Start of Data shown

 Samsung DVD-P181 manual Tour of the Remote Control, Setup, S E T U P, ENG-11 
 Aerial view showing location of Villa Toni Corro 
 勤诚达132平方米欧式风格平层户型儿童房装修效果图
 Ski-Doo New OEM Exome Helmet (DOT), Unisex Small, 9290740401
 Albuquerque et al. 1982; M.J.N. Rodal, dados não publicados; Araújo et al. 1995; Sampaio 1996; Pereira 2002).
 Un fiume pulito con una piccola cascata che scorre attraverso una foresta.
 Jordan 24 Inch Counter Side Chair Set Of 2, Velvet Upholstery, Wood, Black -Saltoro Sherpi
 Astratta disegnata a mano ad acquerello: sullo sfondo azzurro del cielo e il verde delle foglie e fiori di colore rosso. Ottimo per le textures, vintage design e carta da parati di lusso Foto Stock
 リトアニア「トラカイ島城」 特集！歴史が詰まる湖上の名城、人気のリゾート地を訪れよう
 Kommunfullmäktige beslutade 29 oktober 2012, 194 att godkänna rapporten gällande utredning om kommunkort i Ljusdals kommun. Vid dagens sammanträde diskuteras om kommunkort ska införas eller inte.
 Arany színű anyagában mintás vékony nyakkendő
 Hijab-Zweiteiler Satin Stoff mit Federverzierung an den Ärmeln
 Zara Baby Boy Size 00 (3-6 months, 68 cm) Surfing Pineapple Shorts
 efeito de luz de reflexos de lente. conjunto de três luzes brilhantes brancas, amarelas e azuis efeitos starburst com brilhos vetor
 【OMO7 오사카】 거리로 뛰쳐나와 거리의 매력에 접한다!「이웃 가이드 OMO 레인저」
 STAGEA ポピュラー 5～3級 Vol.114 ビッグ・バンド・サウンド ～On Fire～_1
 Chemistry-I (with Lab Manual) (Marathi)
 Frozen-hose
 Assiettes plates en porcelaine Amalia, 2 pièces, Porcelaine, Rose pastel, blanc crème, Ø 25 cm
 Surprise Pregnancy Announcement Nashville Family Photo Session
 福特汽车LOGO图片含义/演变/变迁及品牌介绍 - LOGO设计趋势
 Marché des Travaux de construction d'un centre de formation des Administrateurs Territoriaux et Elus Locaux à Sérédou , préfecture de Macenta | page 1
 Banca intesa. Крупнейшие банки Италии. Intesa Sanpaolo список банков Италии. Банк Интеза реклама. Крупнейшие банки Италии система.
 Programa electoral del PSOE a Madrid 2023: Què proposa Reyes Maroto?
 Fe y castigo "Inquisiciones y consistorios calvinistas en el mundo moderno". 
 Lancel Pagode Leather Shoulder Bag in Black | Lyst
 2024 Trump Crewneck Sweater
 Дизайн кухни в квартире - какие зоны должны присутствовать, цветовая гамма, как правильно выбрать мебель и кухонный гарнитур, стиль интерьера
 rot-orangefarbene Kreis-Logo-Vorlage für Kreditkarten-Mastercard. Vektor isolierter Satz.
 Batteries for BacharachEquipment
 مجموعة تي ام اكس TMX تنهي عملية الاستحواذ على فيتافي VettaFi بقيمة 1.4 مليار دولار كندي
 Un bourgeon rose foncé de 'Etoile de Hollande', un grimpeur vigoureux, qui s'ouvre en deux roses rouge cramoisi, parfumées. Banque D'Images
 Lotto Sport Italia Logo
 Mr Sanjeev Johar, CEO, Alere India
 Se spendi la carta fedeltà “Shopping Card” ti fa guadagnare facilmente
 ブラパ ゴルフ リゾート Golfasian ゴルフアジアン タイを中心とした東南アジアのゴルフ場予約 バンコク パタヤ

End of Data shown

## Work to complete
Working from the records above, write out verbatim only the lines from the line containing "Jordan 24 Inch" through the line containing "リトアニア「トラカイ島城」 特集！歴史が".

## Finished task
 Jordan 24 Inch Counter Side Chair Set Of 2, Velvet Upholstery, Wood, Black -Saltoro Sherpi
 Astratta disegnata a mano ad acquerello: sullo sfondo azzurro del cielo e il verde delle foglie e fiori di colore rosso. Ottimo per le textures, vintage design e carta da parati di lusso Foto Stock
 リトアニア「トラカイ島城」 特集！歴史が詰まる湖上の名城、人気のリゾート地を訪れよう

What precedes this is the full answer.